Though he gaped at the watercolor, he must have knocked right away, as if he didn't dare spend too long in a rapture when there was so much to get to the bottom of. But as he was dazed, he didn't remember the knocking. All he knew was that he was an inch from the painting one moment, and the next thing he knew, the door was wide open and Rita was grinning as if he'd come to pay a social call. He was hit just then by a crippling sadness. It all seemed to mean he didn't know her at all, and he couldn't afford to lose either of the members of his team. At the same time, he must have panicked at the thought that if he lost Rita now, what little he had of the past went with her. Take care, he told himself. They stood in silence, staring at each other across the threshold. Rita's grin softened when she saw that he was in turmoil, and as the tenderness welled up in her eyes, Peter felt the color coming back to him, too. In a minute, they looked exactly the same, tuned to each other again and ready to sing a duet. Partly, it was a brave front, but Peter realized it wasn't in him to react to anything Rita did with anything like moral criticism. If she'd had to
kill
to get this stuff, she must have had a good reason.

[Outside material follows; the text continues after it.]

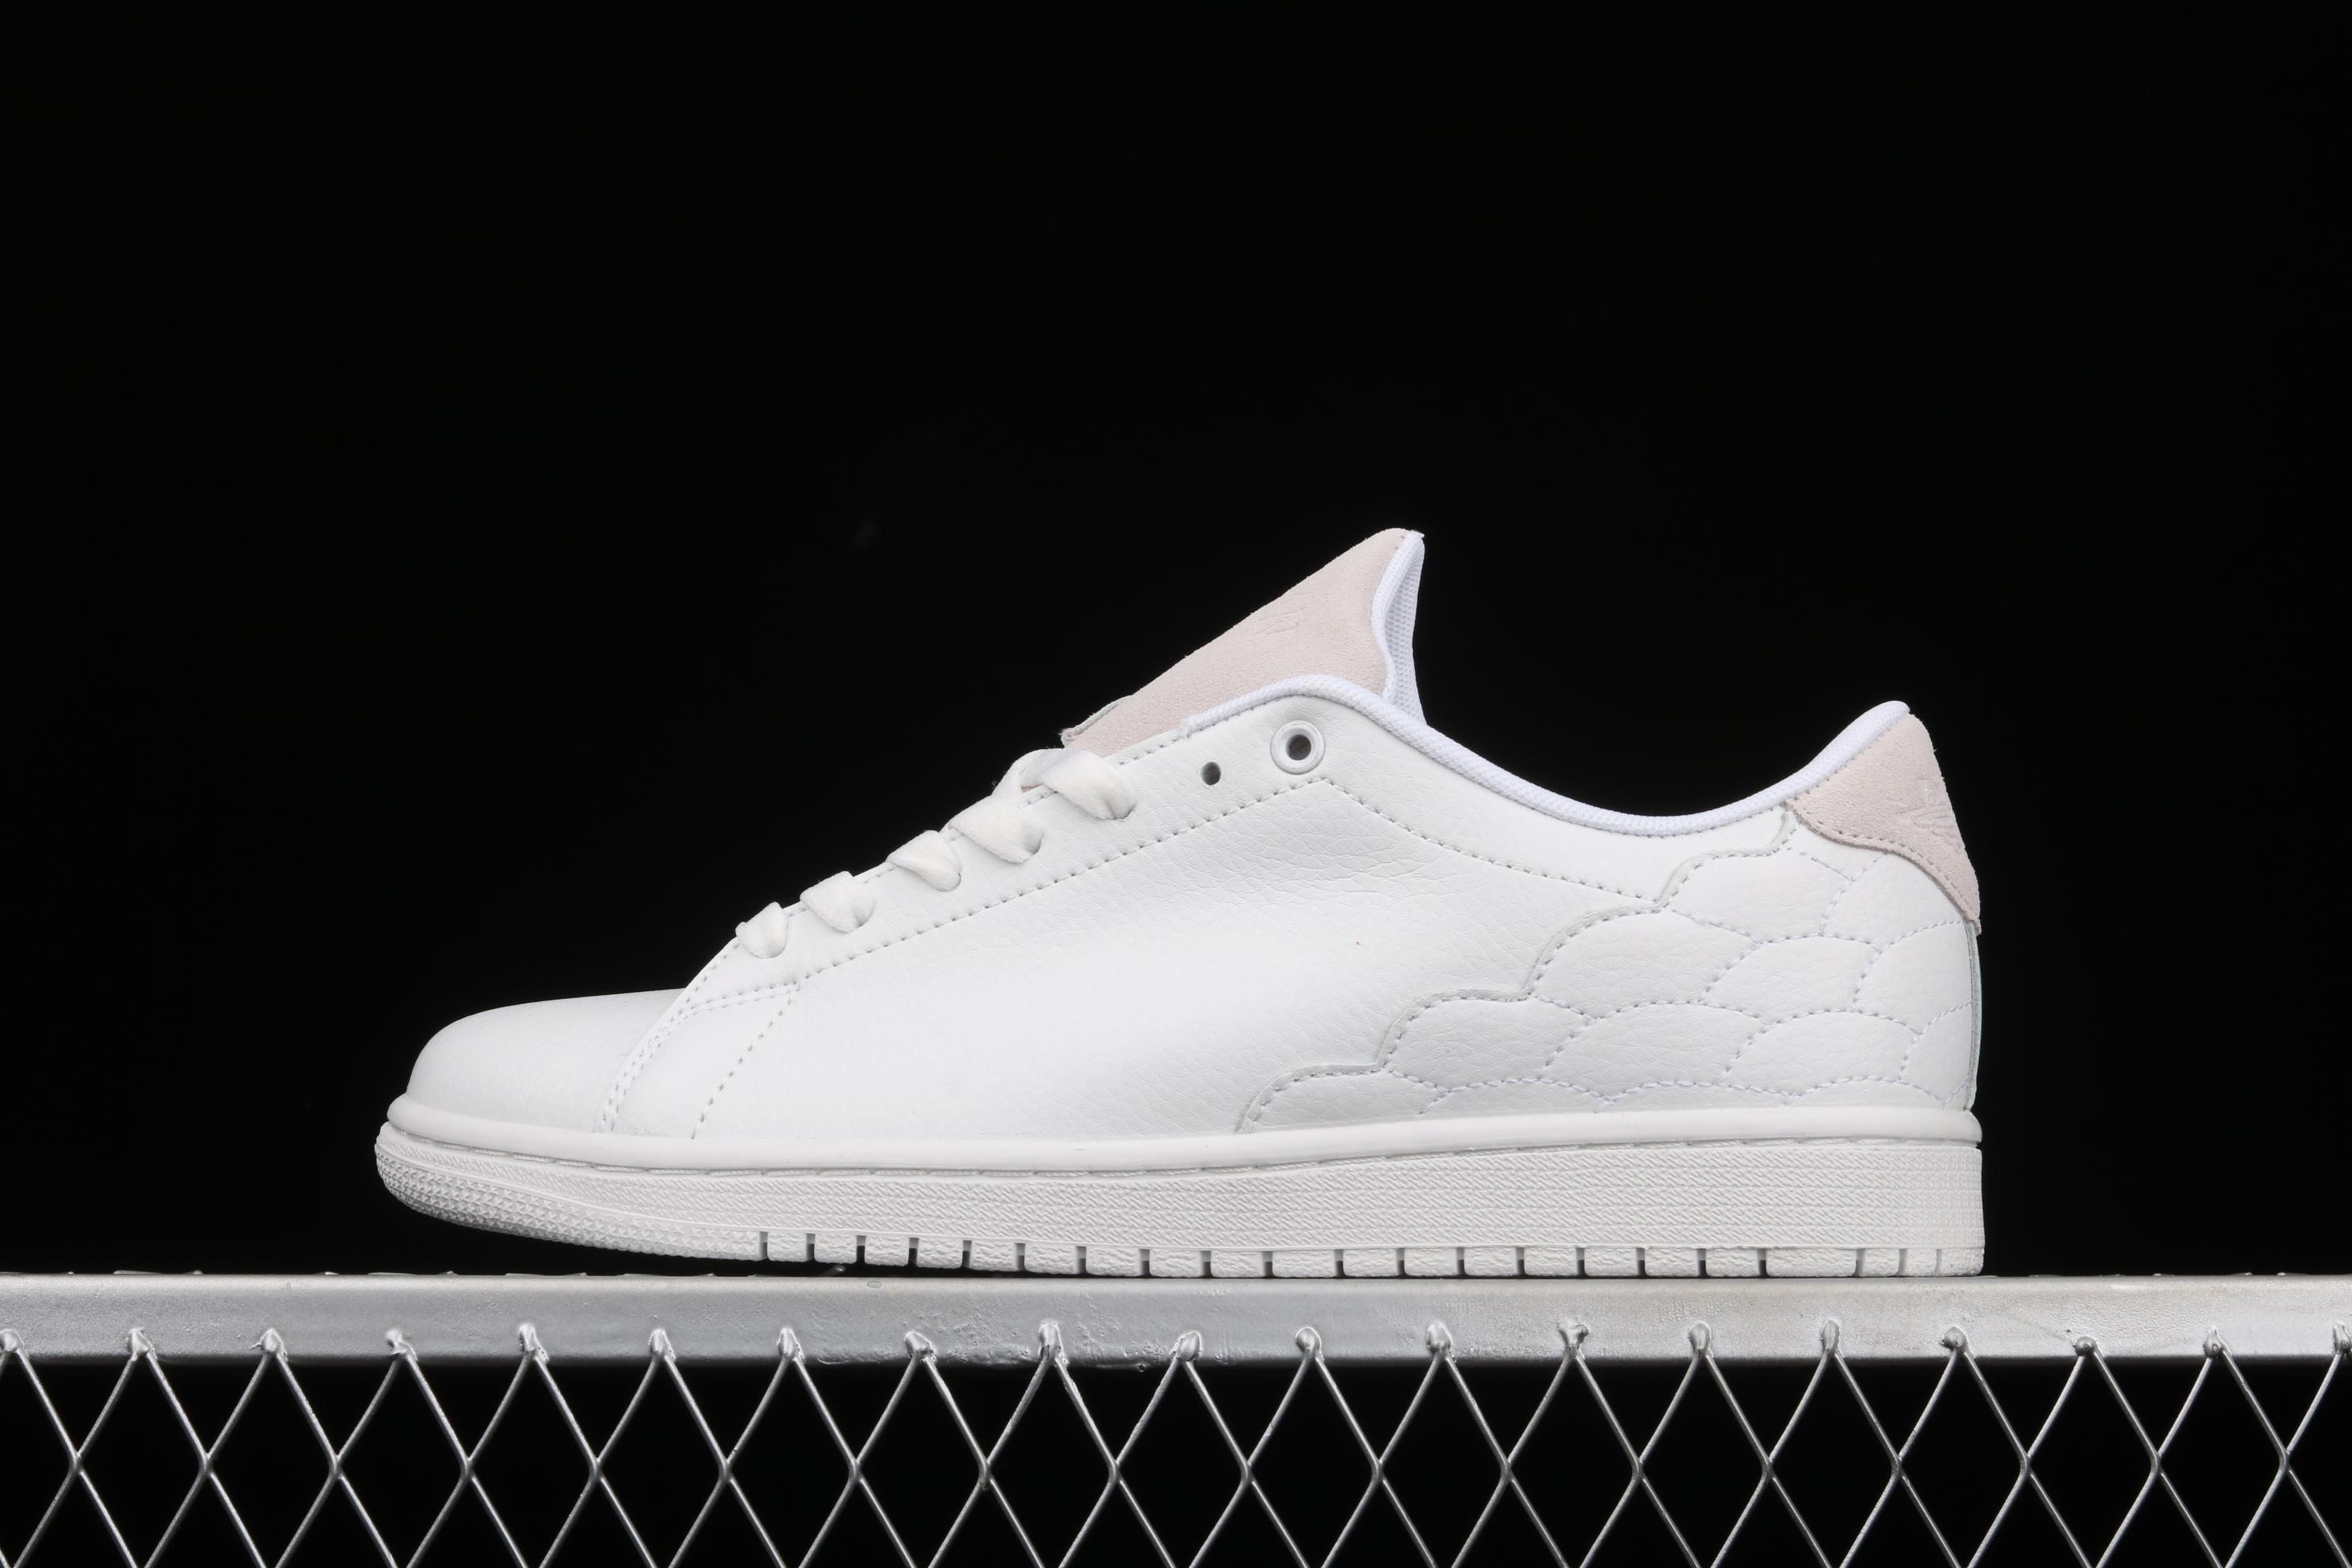 Air Jordan 1 Center Court AJ1 乔1灰白低帮板鞋 DJ2756-100

All Peter cared about was that she not get hurt. He'd kill, too, if he had to, to keep her safe.

“You're very clever, I see,” she said, pulling him into the room and locking the door behind them. Against whom, he wondered, but let it go. “It would take some men months to follow those clues to the end.”

“Would it?” he asked lamely. The sorrow gripped him again like a cramp. He'd like it better if they got right down to it. He didn't think they'd be laughing once they'd started.

“Oh, at least,” she said. “Most people wouldn't go any further than the gold coins. A bird in the hand, you know. Then, if they got as far as the telescope, they'd have to diddle around with that.” She talked right at him for a bit, but she couldn't seem to stand in one place. She turned to the windows and, starting at one end, went down the row, shutting and locking. “Who ever gets to the good stuff, Pete? And how do they even know when they're there? What percent of the world even knows who Cézanne is?”

“Rita, where did you get all this?”

“You'll see, you'll see,” she said, coming back from the end of the windows and holding out her hand. “Come on.”

“Wait,” he said, his hands stiff at his sides. “None of it's yours, right?”

“I'm trying to
show
you, Pete.” She made it sound as if he was getting in the way of a good explanation. But she saw at last how far off the track he was, and she acted quickly to ease his mind. He wasn't having any fun. “Listen,” she said, “
we
aren't in any trouble. A lot of this is against the law, but all the criminals have run away. I swear it, Pete, if the cops do anything to us, it'll be to give us medals. Do you trust me?”

“All right.” He gave her his hand and let himself be led across the room to the closet. He knew enough now to guess the rest, and it showed what he could do with his mind instead of mere thinking. It had to be Rusty Varda, he suddenly decided, and the stuff must come from a secret cache. Of
course
. It was as if, in some unfocused corner of his mind, he'd always known. There was always something more to Crook House. He understood houses so well that his antennae had at some point picked up the extra space, but he hadn't got around to it consciously yet. Eventually he would have groped his way here, though still it took a Rita to crack the lock. Peter would have had to break through the mirrored door with a hatchet. Now, as Rita ushered him into the closet, he realized that he'd never been satisfied with the Varda story. All that waiting around in Crook House, forty years of it, had to have a purpose beyond forgetting to give away twelve million. Peter used to ask Hey: What did Rusty Varda
do
? Hey didn't know.
Said
he didn't know. Peter abandoned it in the end, but something never ceased to nag at him. Now it came back at full volume when Rita closed the door. Strangely, he felt as if he'd been waiting all his life for this.